California was able to refinance some auction debt:

California is offering general obligation bonds to institutions such as mutual funds and insurers today after collecting $898 million of orders from individuals, according to Tom Dresslar, spokesman for state Treasurer Bill Lockyer. Denver International Airport also plans to refinance auction-rate securities by selling $445 million of fixed-rate bonds.

Long-term municipal bonds have risen four of the past five days as investors buy tax-exempt securities whose yields have exceeded those on benchmark Treasuries.

The gains drove yields on top-rated, 30-year municipal debt to 4.80 percent, the lowest in six weeks, according to Municipal Market Advisors. That still exceeds the 4.35 yield on the 30- year U.S. Treasury bond.

Municipal bonds dropped in late February after hedge funds liquidated some of their holdings in the tax-exempt market, as asset values fell and funding costs rose.

Such leveraged investors typically buy fixed bonds, fund their purchases by issuing lower-yielding variable-rate notes to money-market mutual funds, and then hedge their investments with interest-rate contracts.

Such a strategy by hedge funds will involve basis risk – if they buy a long-term bond and sell an interest-rate swap against it, they will be receiving LIBOR plus a spread. If this spread exceeds the spread they’re being paid on their own commercial paper, they’re happy … otherwise, not so much. It’s all part of the arbitrage that exists because borrowers want long-term funding and lenders want short term risk … and it works … usually.

Bernanke gave a speech today reviewing the situation. There will be more rules!

the Federal Reserve has used its authority under the Home Ownership and Equity Protection Act to propose and seek comment on new rules that, for higher-cost loans, would strengthen consumer protections. The rules would restrict the use of prepayment penalties and low-documentation lending, require the use of escrow accounts for property taxes and homeowner’s insurance, and ensure that lenders give sufficient consideration to borrowers’ ability to repay.

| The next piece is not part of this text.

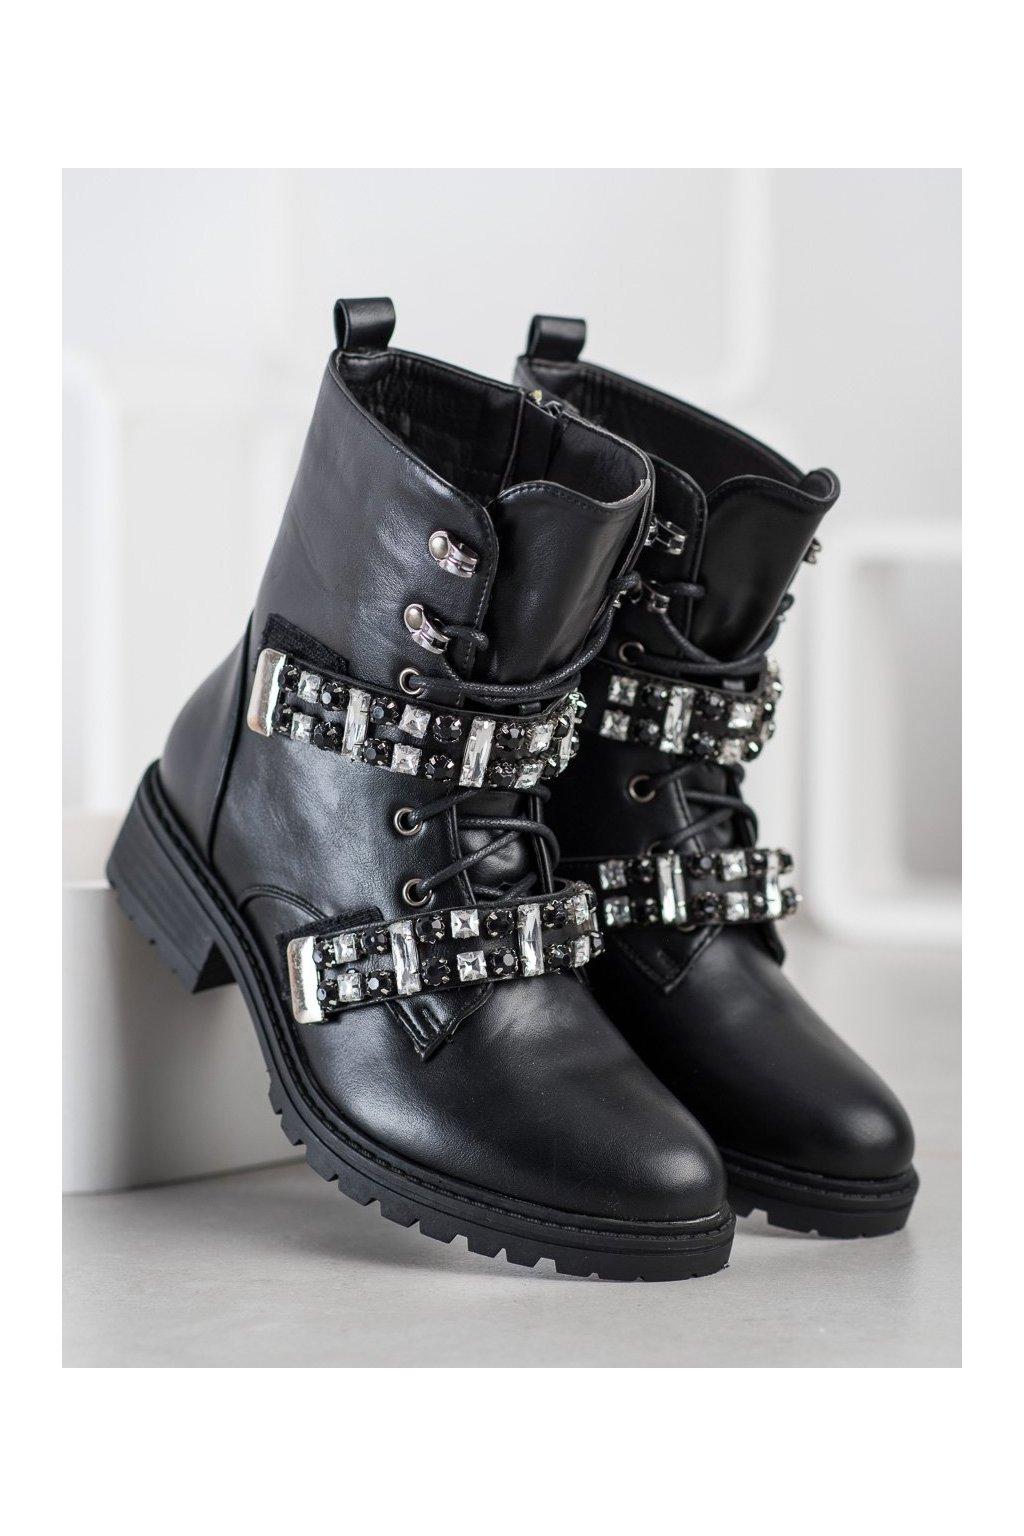 Čierne dámske topánky Seastar kod NC890B

In addition, for all mortgage loans, we have proposed rules regarding broker compensation methods and the ability of appraisers to provide judgments free of undue influence, as well as rules regarding the accuracy of advertisements and solicitations for mortgage loans and the timeliness of required disclosures. We also plan to propose a revised set of required mortgage disclosures based on the results of a program of consumer testing already under way.

… and pension boards might have to do something at their meetings …

Some investors, such as public pension funds, are subject to government oversight, and in these instances, the PWG will look to their government overseers to reinforce implementation of stronger due diligence practices. When investors employ advisers, the mandates and incentives given to these advisers should be structured so as to induce a more careful and nuanced evaluation of the risks and returns of alternative products.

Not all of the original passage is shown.